Specifying dtypes at read time

# Best practice: specify dtypes when reading - avoids the object inference step
dtype_map = {
    'user_id':    np.int32,
    'age':        np.float32,
    'country':    'category',
    'plan':       'category',
    'amount':     np.float32,
    'is_fraud':   np.int8,
}

df = pd.read_csv('data.csv', dtype=dtype_map)
# Memory is allocated correctly from the start - no post-hoc conversion needed

pd.Categorical for low-cardinality columns

# Categorical dtype: stores integer codes + a lookup table
# For a column with 50 unique values and 10M rows:
# object dtype:   10M × ~50 bytes per Python string ≈ 500 MB
# category dtype: 10M × 1 byte (int8 codes) + 50 × 50 bytes lookup ≈ 10 MB

countries = pd.Categorical(['US', 'UK', 'DE', 'US', 'FR', 'US'])
print(countries.codes)       # [0, 3, 1, 0, 2, 0] - integer codes
print(countries.categories)  # ['DE', 'FR', 'UK', 'US']

# GroupBy on categorical is also faster - operates on integer codes
df['country'] = df['country'].astype('category')
country_spend = df.groupby('country')['amount'].mean()

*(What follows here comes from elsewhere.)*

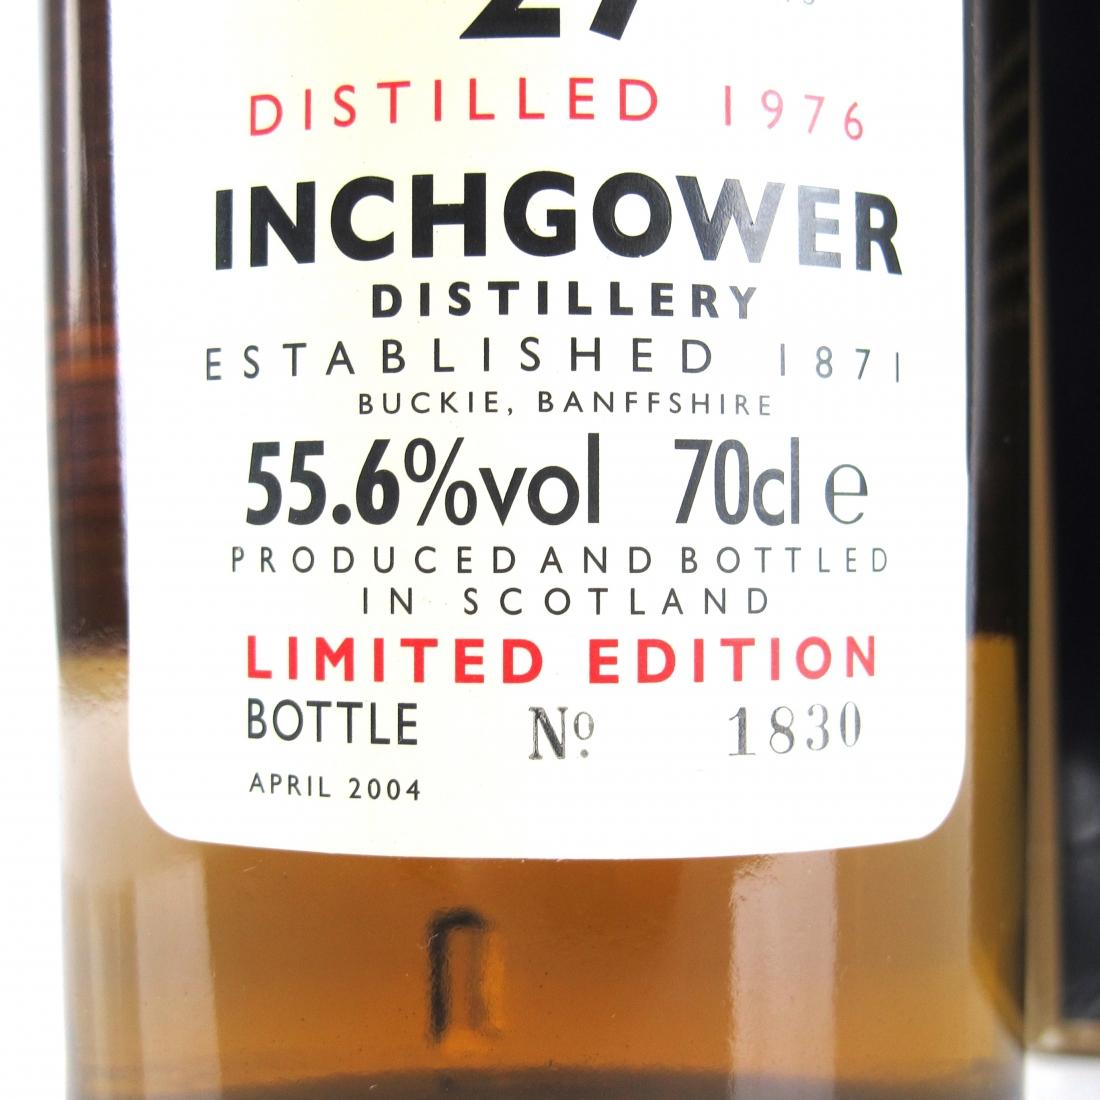 Inchgower 1976 Rare Malt 27 Year Old / 55.6%

Typical memory savings reference

Dtype change	Memory reduction	Risk
`int64` → `int32`	50%	Overflow if values exceed 2.1B
`int64` → `int16`	75%	Overflow if values exceed 32,767
`int64` → `int8`	87.5%	Only for boolean-like 0/1 data
`float64` → `float32`	50%	Precision loss at 7th decimal place
`object` (50 unique) → `category`	90%+	Slight overhead for new category assignment

Chunked reading for very large files

# Process 10GB CSV without loading it all into memory
chunk_size = 100_000
results = []

for chunk in pd.read_csv('huge_file.csv', chunksize=chunk_size):
    # Compute per-chunk aggregations
    chunk_agg = chunk.groupby('user_id')['amount'].sum()
    results.append(chunk_agg)

# Combine all chunk results
final = pd.concat(results).groupby(level=0).sum()

Temporal Data: DatetimeIndex, Resample, Rolling, and Lag Features

Time series data appears in virtually every real-world ML problem - clickstreams, transaction histories, sensor readings, pricing data. Pandas has the richest time series API of any data library.

# Parse and set datetime index
df = pd.DataFrame({
    'timestamp': ['2024-01-01 09:00', '2024-01-01 10:30', '2024-01-02 08:15'],
    'value': [10.5, 12.3, 9.8],
})
df['timestamp'] = pd.to_datetime(df['timestamp'])
df = df.set_index('timestamp')

# Resample to daily mean
daily = df.resample('D').mean()

# Rolling window features
df['value_7d_mean'] = df['value'].rolling('7D').mean()
df['value_7d_std']  = df['value'].rolling('7D').std()
df['value_30d_max'] = df['value'].rolling('30D').max()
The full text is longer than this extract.